Department of Health Services, Policy, and Practice, Brown University School of Public Health, Providence, Rhode Island, USA.
Department of Health Policy and Management, Columbia University Mailman School of Public Health, New York, USA.
Popul Health Manag. 2023 Feb;26(1):37-45. doi: 10.1089/pop.2022.0236. Epub 2023 Feb 6.

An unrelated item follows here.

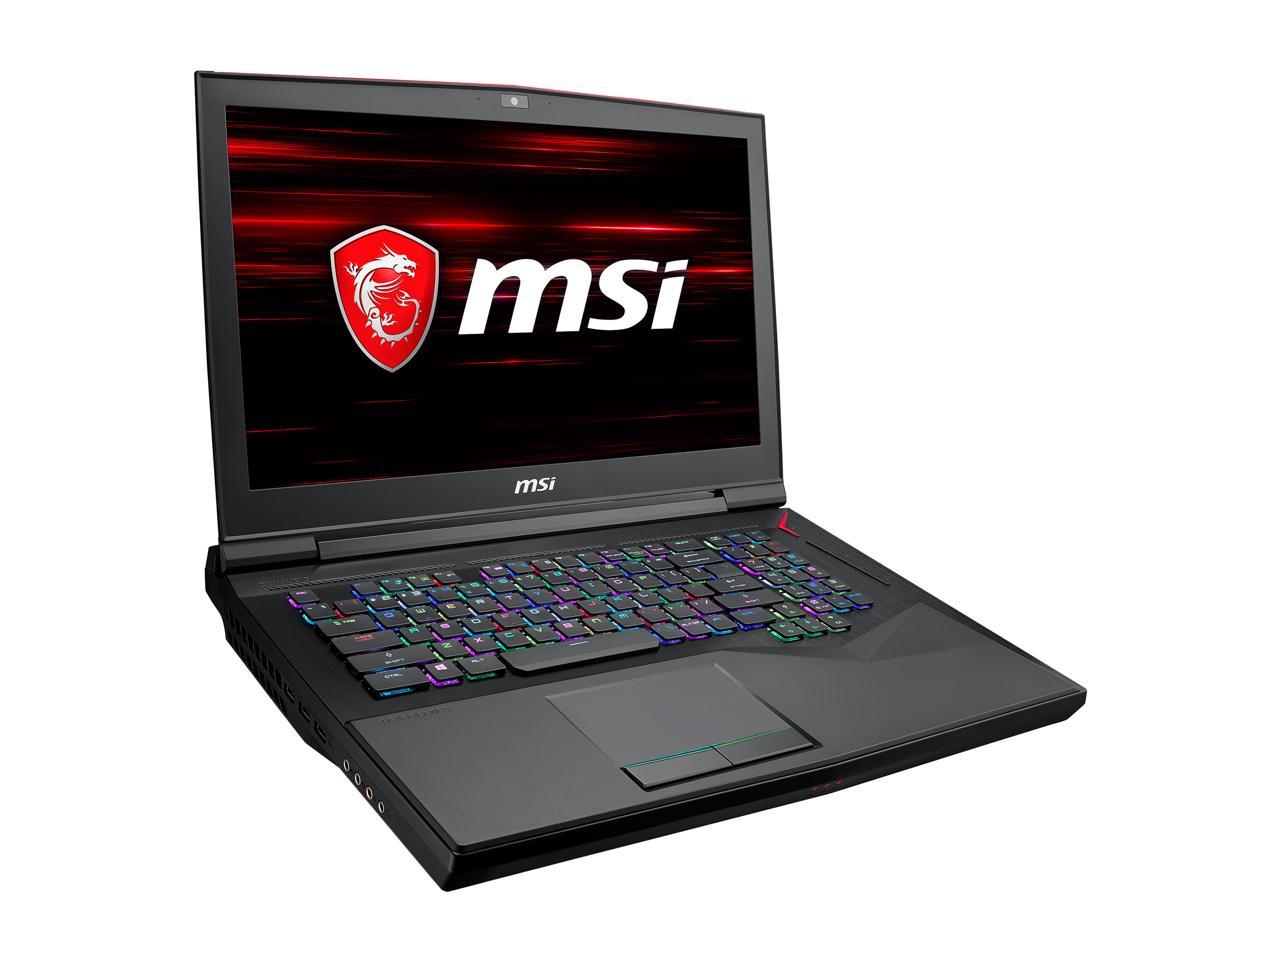 MSI GT75 Titan 10SF-477 - 17.3" 144 Hz - Intel Core i7-10750H - GeForce RTX 2070 Max-Q - 32 GB DDR4 - 1 TB SSD - Windows 10 Home - Gaming Laptop
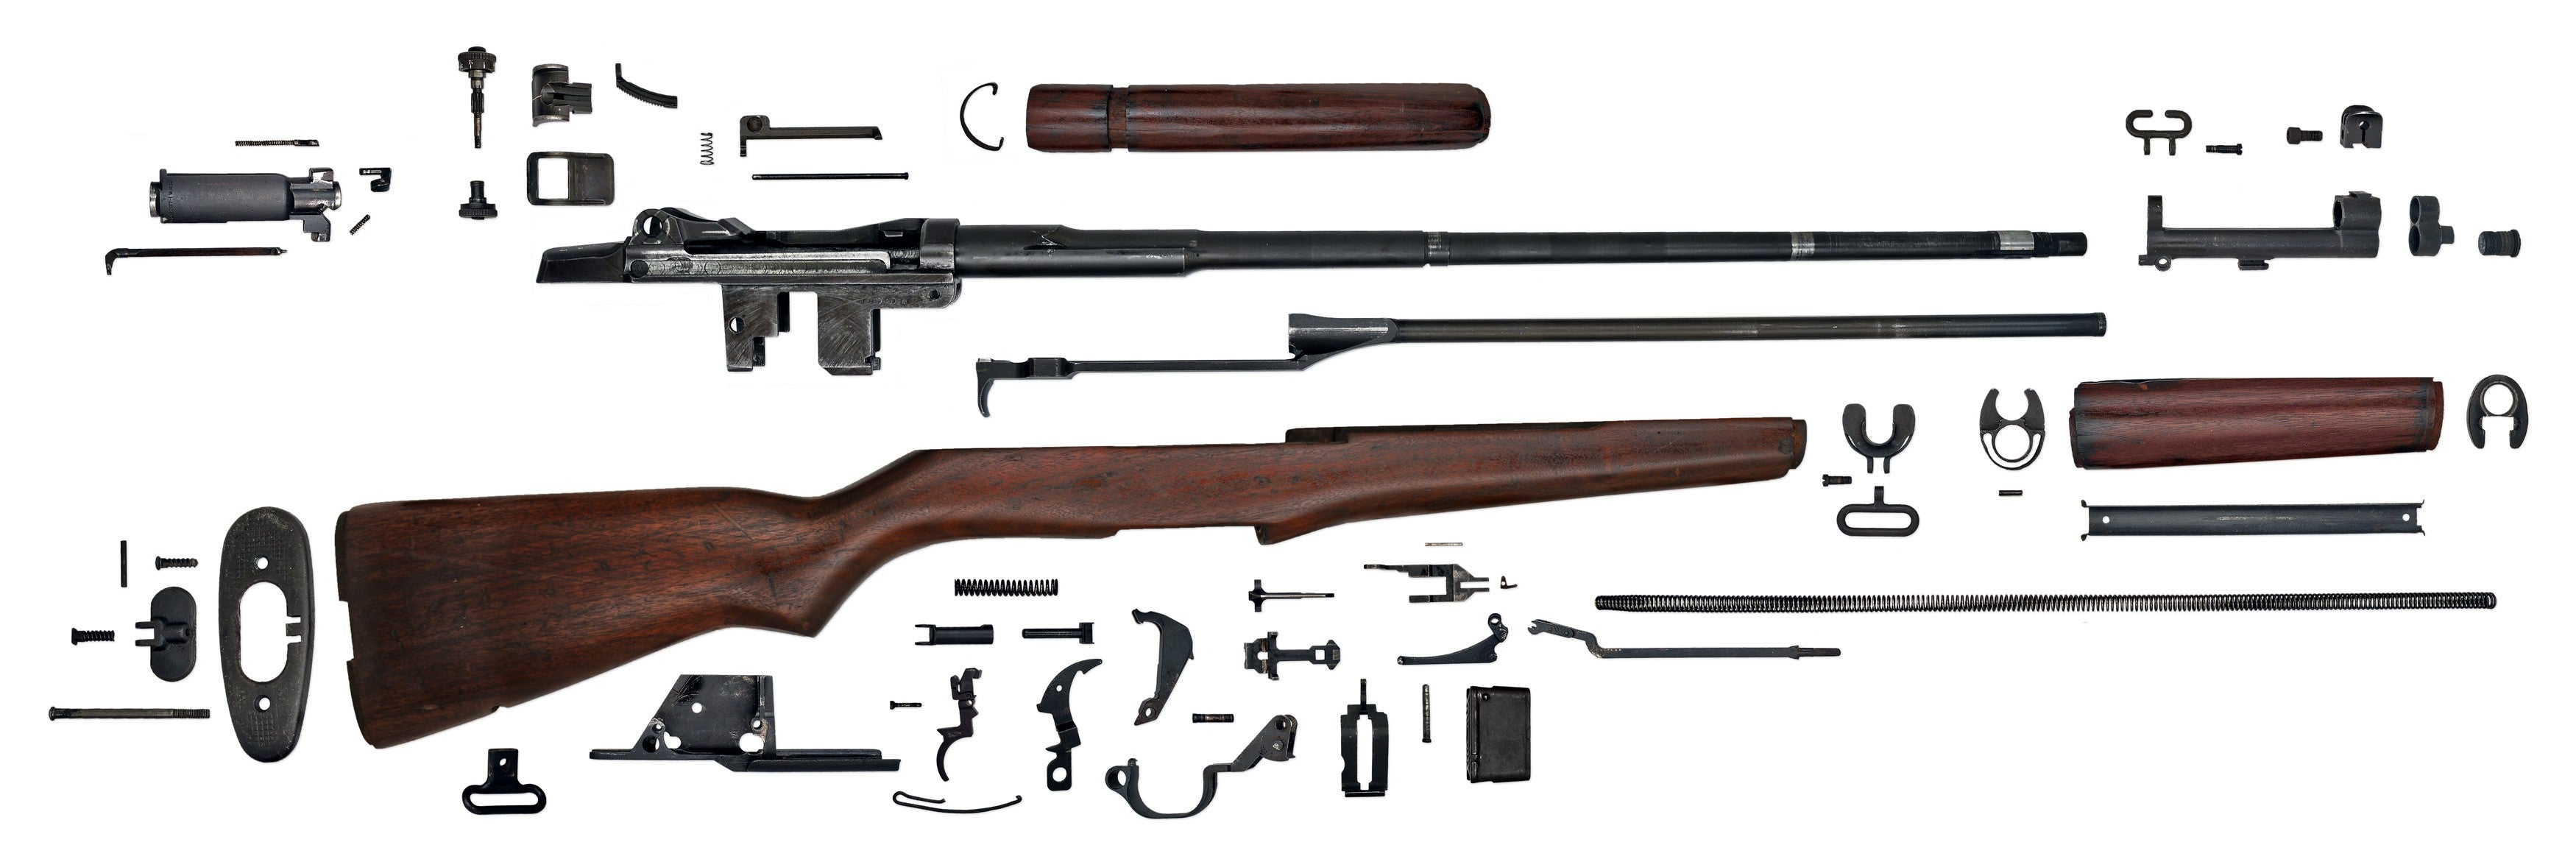 Field Manual M1 Carbine

As health systems attempt to contain utilization and costs, care management programs are proliferating. However, there are mixed findings on their impact. In 2018, Rhode Island initiated a care management program for dually eligible Medicare and Medicaid beneficiaries at high risk of hospitalization or institutionalization. The objective of this study is to evaluate the association between health care utilization and costs and care management for dual-eligible participants ( = 169). The authors employed an interrupted time series analysis of administrative claims data using the Rhode Island All Payer Claims Database, which includes data from all major payers in the state, for 11 quarters (January 1, 2017 until September 1, 2019). On average, participants were younger (46.2% were 19-64 years of age vs. 41.9% of non-participants), female (71% vs. 62.6% of non-participants), and had a higher comorbidity burden (more commonly had anemia, atrial fibrillation, chronic kidney disease, chronic obstructive pulmonary disease, depression, diabetes, heart failure, hyperlipidemia, hypertension, ischemic heart disease, and stroke). Participation was associated with significantly fewer hospital admissions (118 fewer admissions per 1000 admissions per quarter; 95% confidence interval [CI] -11 to -22), and a reduction in Medicaid ($1841 less spent per quarter, 95% CI -2407 to -1275) and total ($2570 less spent per quarter; 95% CI -$4645 to -$495) costs. Participation was not significantly associated with a change in Emergency Department (ED) visits, preventable ED visits, Skilled Nursing Facility stays, or Medicare costs. These results suggest that targeted care management programs may provide dual-eligible beneficiaries with needed services while diverting inefficient health care utilization.
随着医疗体系试图控制利用和成本,护理管理项目正在激增。然而,它们的影响存在混合的结果。2018 年,罗得岛为同时符合医疗保险和医疗补助资格、有住院或机构化高风险的双重合格医疗保险受益人启动了一项护理管理计划。本研究的目的是评估医疗保健的利用和成本与护理管理之间的关联,针对双重合格参与者(=169)。作者采用了罗得岛所有支付者索赔数据库的行政索赔数据的中断时间序列分析,该数据库包括该州所有主要支付者的数据,共 11 个季度(2017 年 1 月 1 日至 2019 年 9 月 1 日)。平均而言,参与者更年轻(46.2%的参与者年龄在 19-64 岁之间,而非参与者为 41.9%),女性(71%的参与者,而非参与者为 62.6%),且合并症负担更重(更常见的合并症有贫血、心房颤动、慢性肾脏病、慢性阻塞性肺疾病、抑郁症、糖尿病、心力衰竭、血脂异常、高血压、缺血性心脏病和中风)。参与护理管理与住院人数明显减少有关(每 1000 人每季度减少 118 人;95%置信区间 [CI] -11 至 -22),并减少了医疗补助(每季度少花 1841 美元,95% CI -2407 至 -1275)和总费用(每季度少花 2570 美元;95% CI -$4645 至 -$495)。参与护理管理与急诊部(ED)就诊、可预防 ED 就诊、熟练护理设施停留或医疗保险费用的变化没有显著相关性。这些结果表明,有针对性的护理管理计划可以为双重合格的受益人提供所需的服务,同时减少低效的医疗保健利用。